──────── TASK INPUT

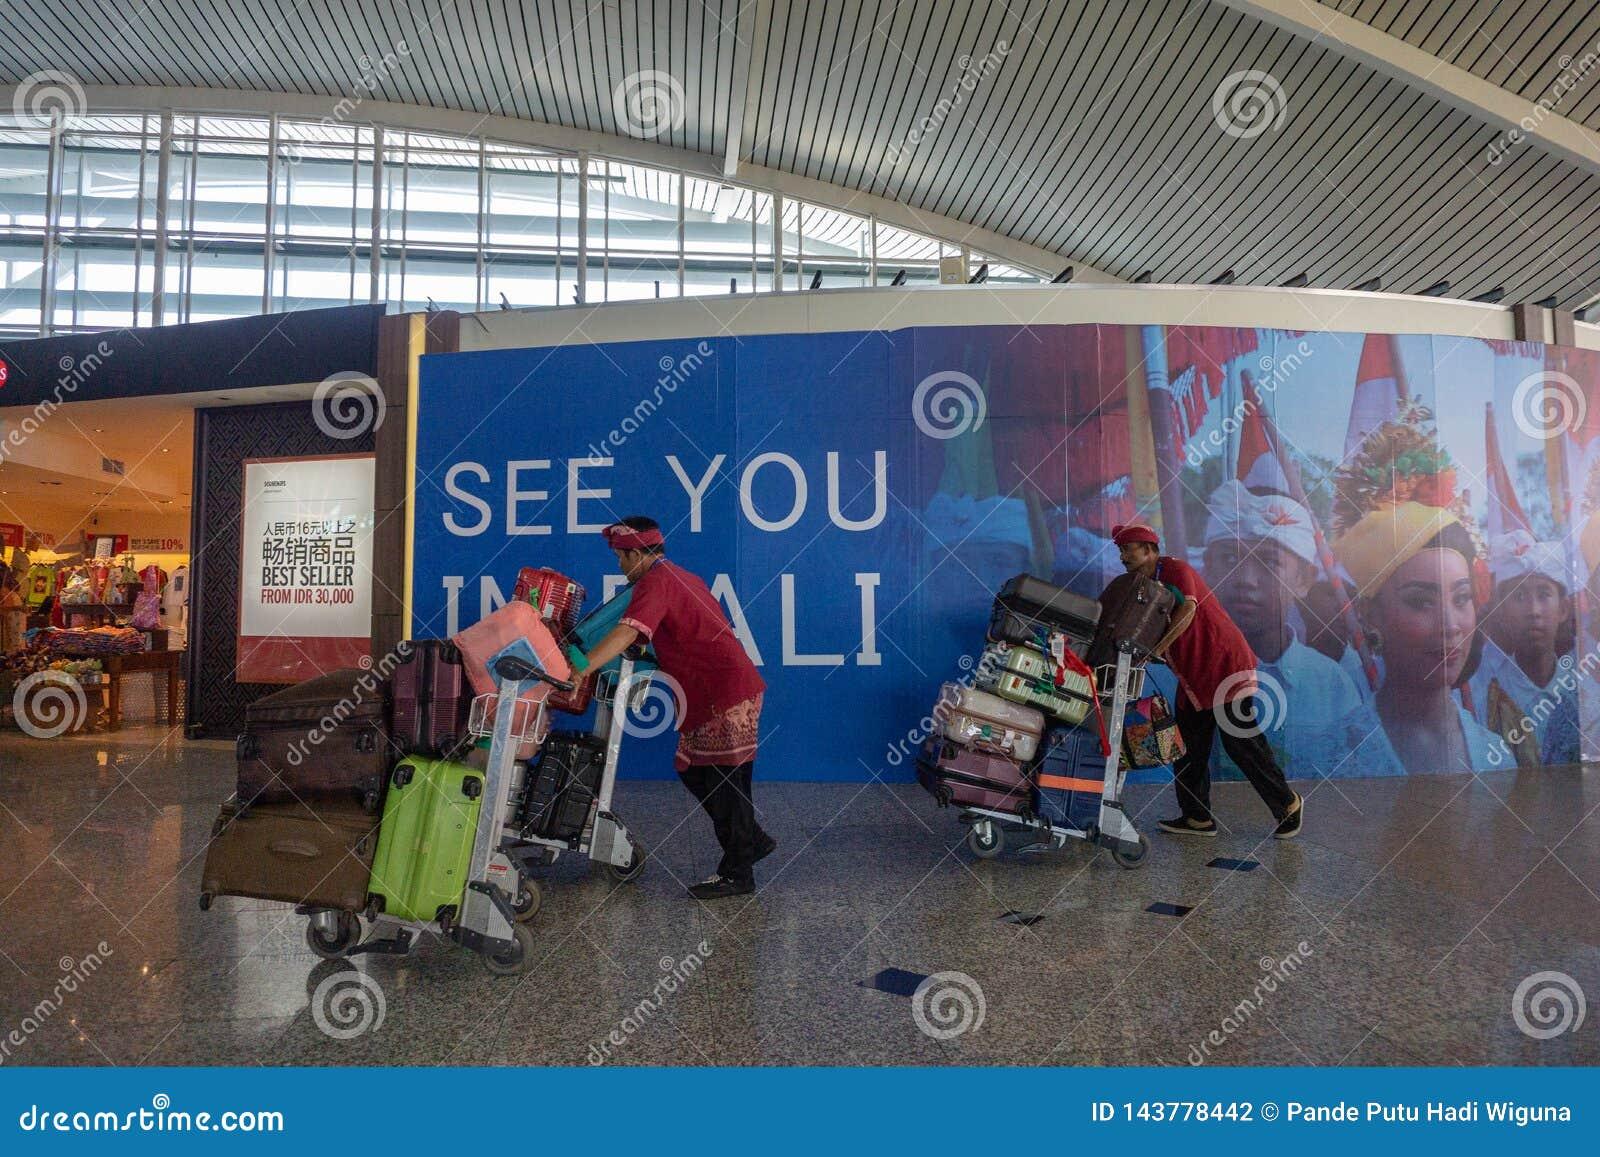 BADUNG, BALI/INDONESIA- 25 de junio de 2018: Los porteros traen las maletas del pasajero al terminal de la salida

────────────────
──────── TASK INPUT

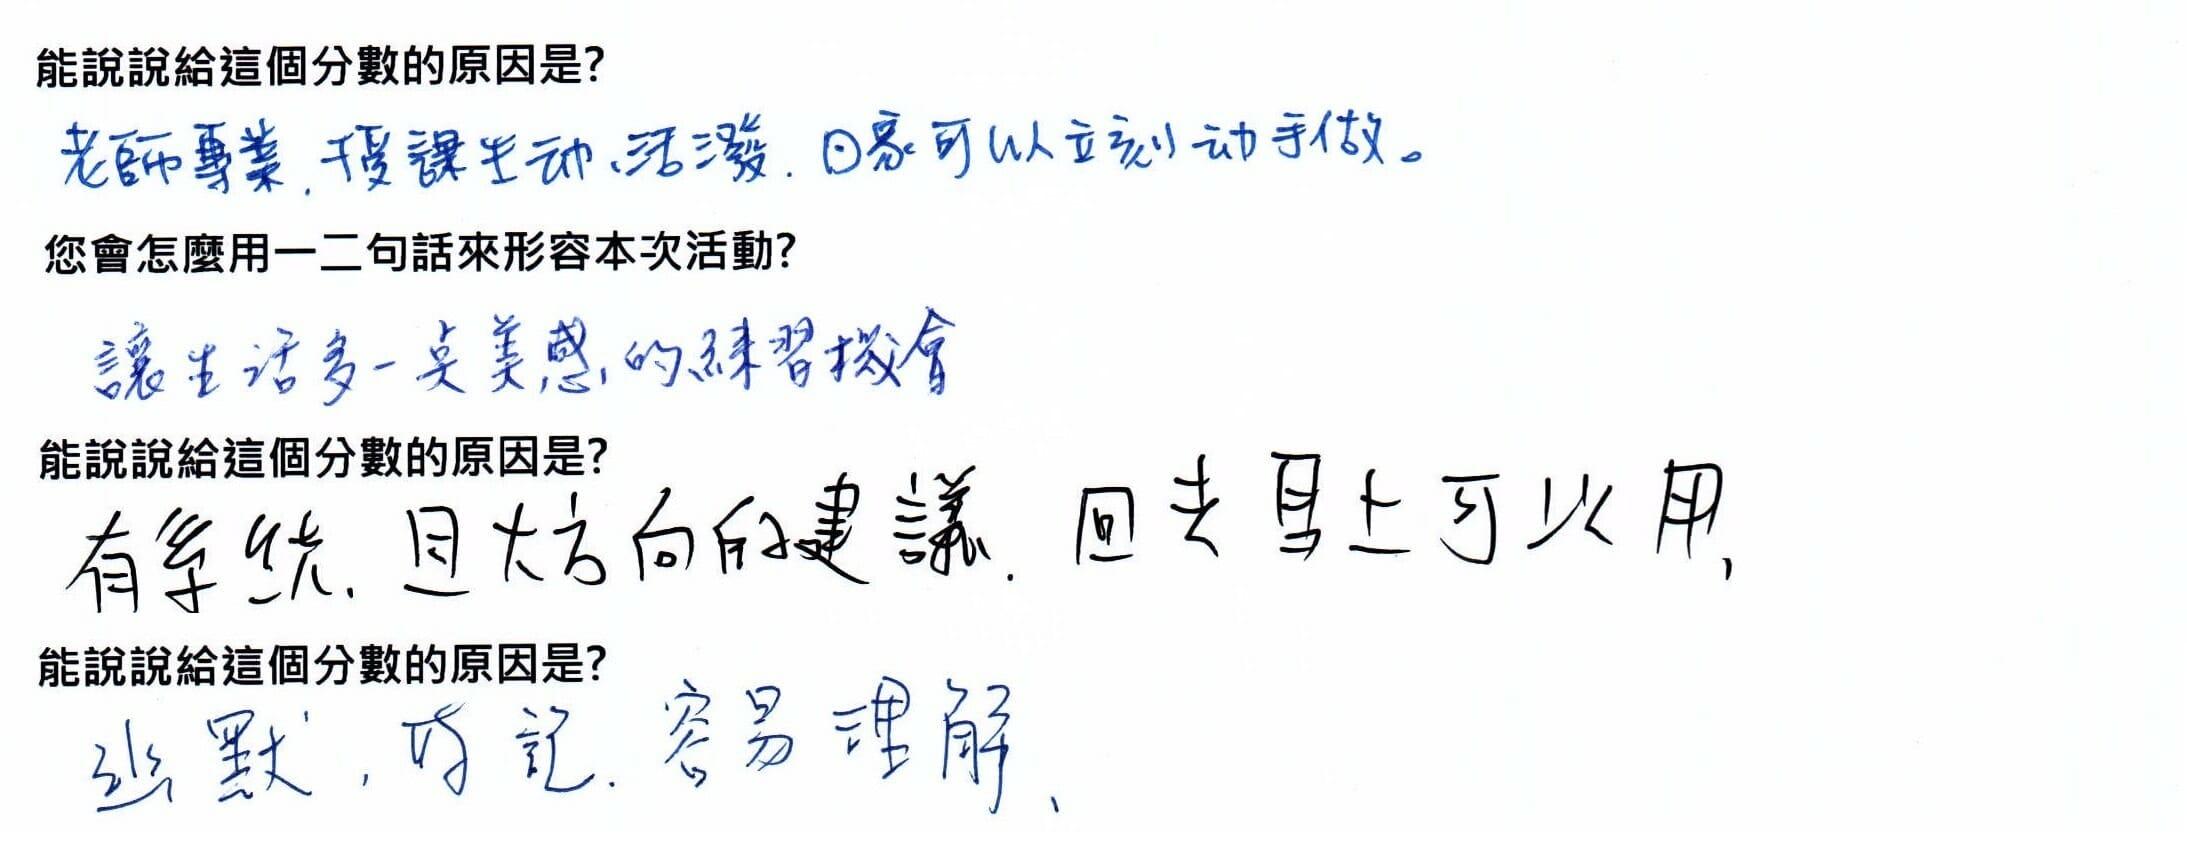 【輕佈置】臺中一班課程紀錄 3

────────────────
──────── TASK INPUT

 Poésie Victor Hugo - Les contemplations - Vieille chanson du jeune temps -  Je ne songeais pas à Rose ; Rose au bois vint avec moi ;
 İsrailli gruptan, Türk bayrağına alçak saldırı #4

────────────────

After locating the line holding "Poésie Victor Hugo" above, output exactly that line and every line after it through the line holding "İsrailli gruptan, Türk". Include nothing else.

 Poésie Victor Hugo - Les contemplations - Vieille chanson du jeune temps -  Je ne songeais pas à Rose ; Rose au bois vint avec moi ;
 İsrailli gruptan, Türk bayrağına alçak saldırı #4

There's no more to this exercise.